Having agreed to Labor’s policy proposals on DisabilityCare, the increase in the Medicare levy and education funding, Opposition leader Tony Abbott has moved the Coalition’s fiscal policy plans for the return to surplus and government debt to equal that outlined by the government.
No longer is Abbott promising a bigger or earlier budget surplus.
There were a couple of curious throwaway lines in his campaign launch yesterday that no one seems to have noticed.
At the launch in Brisbane, Abbott said that “by the end of a Coalition government’s first term, the budget will be on track to a believable surplus.” This was met with applause from the crowd.
But it is a very odd commitment given that the current fiscal position outlined in the Pre-Economic Fiscal Outlook document is for there to be a surplus of $4.2 billion in 2016-17 after a wafer thin deficit of $4.7 billion in 2015-16. In other words, there already is a “believable surplus” in the current budget figuring in just three years’ time.
It needs to be remembered that the PEFO projections are based on Treasury’s relatively pessimistic view about global growth and the terms of trade over the next three years, which means there is a lot of upside to these projections even without any policy changes (A pre-election budget on the sober side, August 13). This means that for even a slight uptick in growth or inflation from the current forecasts, the budget will be propelled into surplus in 2015-16 with an even larger surplus for 2016-17.
And this is all under the Labor government’s policy plans.
Abbott’s pledge on the return of the budget to surplus is effectively the same as Kevin Rudd’s.
Abbott elsewhere implicitly embraced the current profile and magnitude of the return to budget surplus under the Labor government, saying that “within a decade, the budget surplus will be one per cent of GDP”. Interestingly, this is same as the average size of the budget surpluses already factored into the four years from 2019-20 outlined in the PEFO. It is already going to happen, based on current economic projections.
Seemingly gone are the surpluses in every year of the Coalition government that only last year Shadow Treasurer Joe Hockey was spruiking.
Abbott’s economic conversion did not end there, when he also noted that “if our vision is realised, within 10 years Australia will have lower, simpler, fairer taxes. There will be two million more jobs.”
It is the pledge on jobs that is underwhelming. If Abbott is true to his word and only 2 million jobs are created by 2023, it implies the unemployment rate rising to around 6.5 per cent over that time, from an average level of just 5 per cent over the past 5 years. This 6.5 per cent unemployment rate target for the Coalition is based on an assumption that the population grows, on average, at the same pace as the last year and the workforce participation rate is steady at the most recent estimate of 65.1 per cent.

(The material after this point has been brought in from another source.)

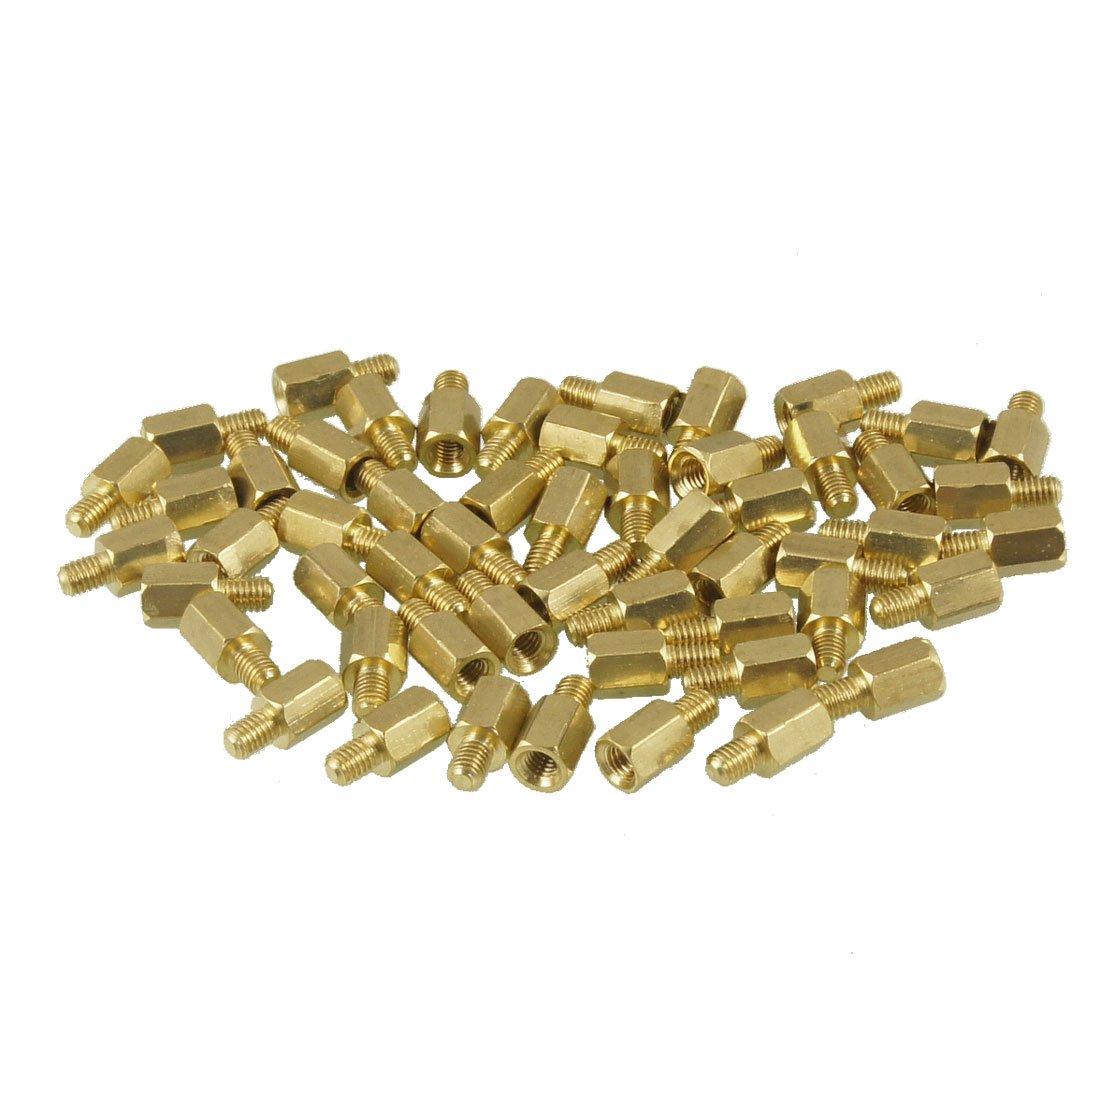 50 Pieces M3 Male x M3 Female 6mm Body Threaded
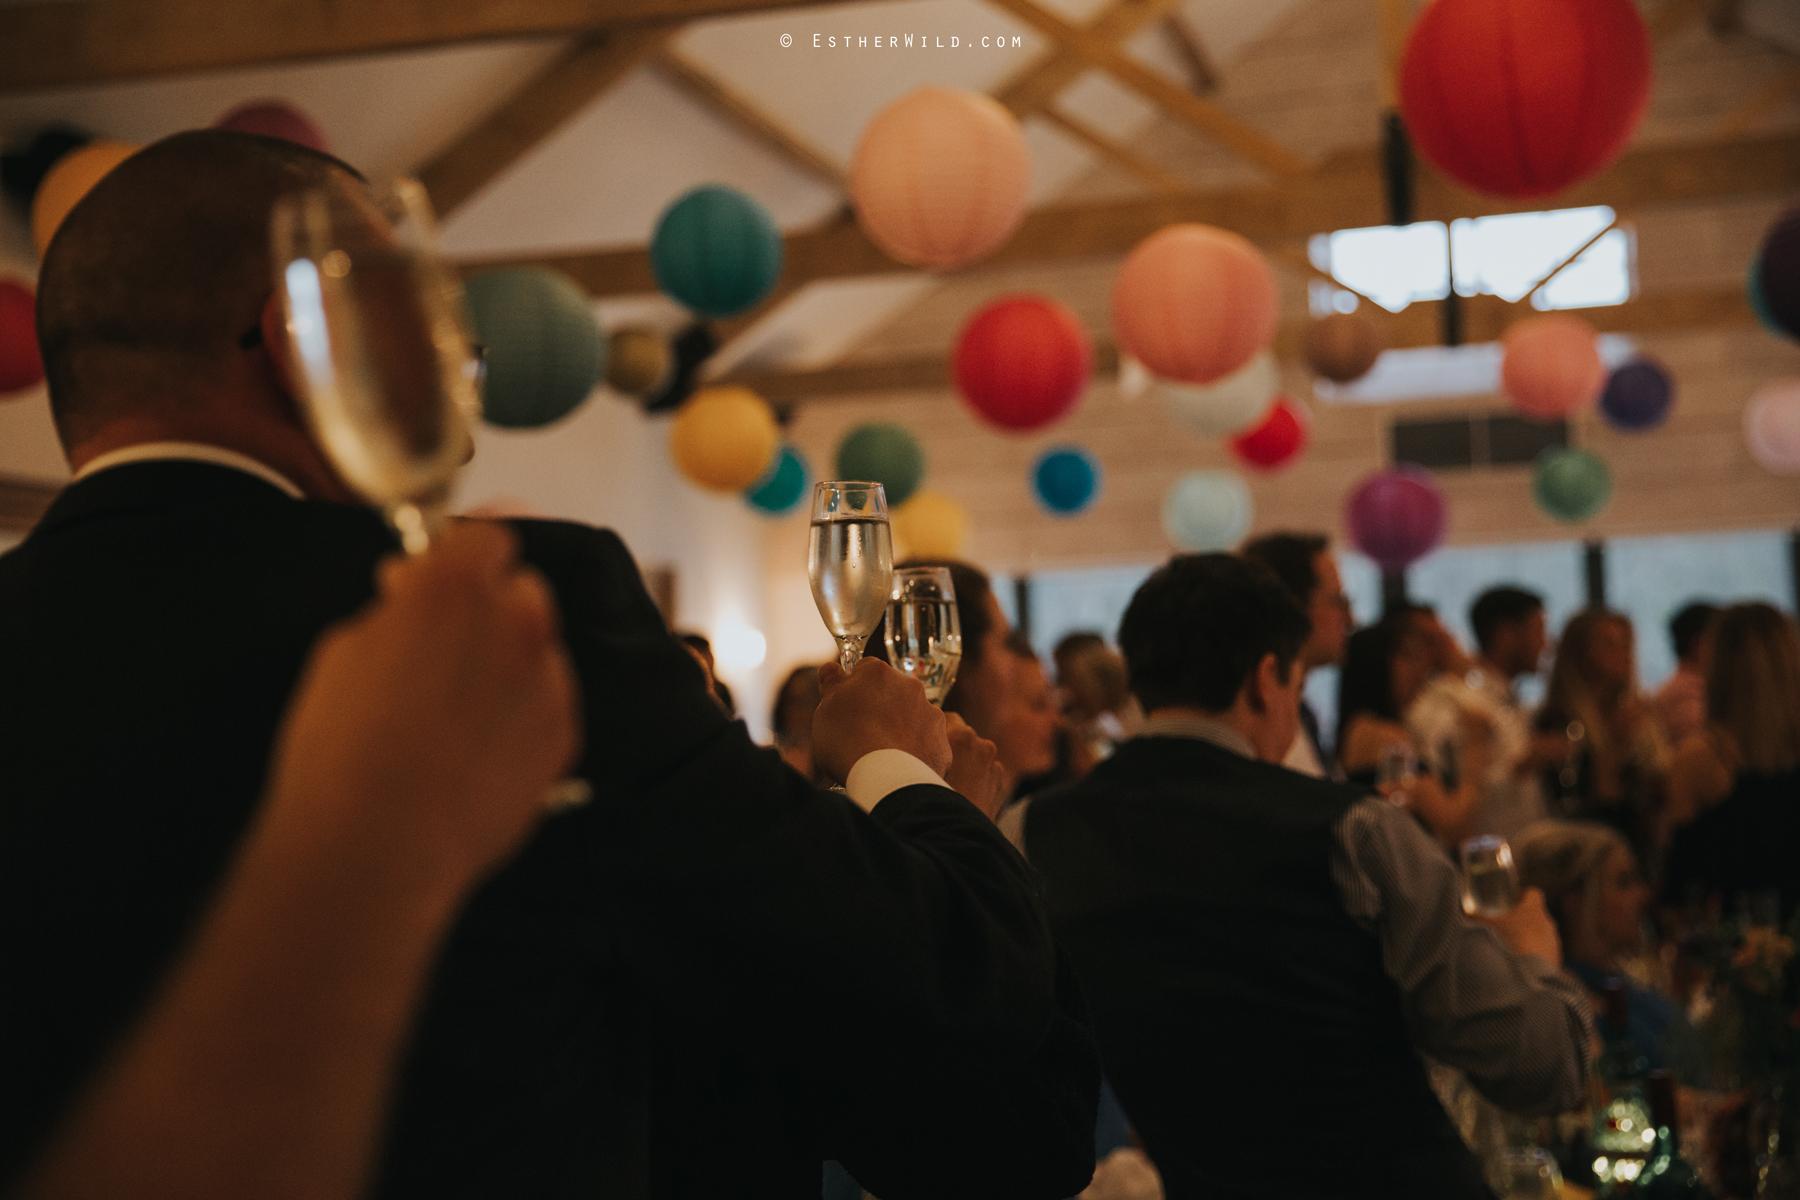 The_BoatHouse_Wedding_Venue_Ormesby_Norfolk_Broads_Boat_Wedding_Photography_Esther_Wild_Photographer_IMG_3102.jpg

A drover’s dog would deliver 2 million jobs over the next decade given these dynamics. Abbott gave no commitment on the unemployment rate, probably because he knows it will be difficult to reduce it much from the recent levels. The real skill would be creating 2.25 million jobs over the next decade and getting the unemployment rate back to 5 per cent or lower.
Abbott gave no such pledge.
There was also some confusion from Abbott was when he said, “the current government has turned $50 billion in the bank into debt spiralling towards $400 billion that our children and grandchildren will struggle to repay”.
The first point to note is that the “$50 billion in the bank” was in fact $44.8 billion in net financial assets that were in place in June 2008. It is a $5 billion error to start with.
Abbott’s reference to “debt spiraling towards $400 billion” contains an error of a further $30 billion. The PEFO confirms debt will peak at $370 billion. Perhaps more mischievous is Abbott starting the sentence with a reference to net debt and then comparing it to gross debt. Abbott did not mention that when the Howard government left office, gross government debt was $47 billion. Nor did he mention that net debt in June 2013 was $162 billion.
It is to be hoped that these errors are political posturing and not a true reflection of Abbott’s understanding of public finances.
As the election day draws nearer, the mantra from the Coalition that the Labor Party is a bad economic manager has been replaced with the true story that ‘we will do no better’.
Abbott has said during the campaign that he would prefer to under-promise and over-deliver, and he is certainly living up to the first part of that commitment.
Stephen Koukoulas was senior economic policy advisor to former prime minister Julia Gillard between September 2010 and July 2011.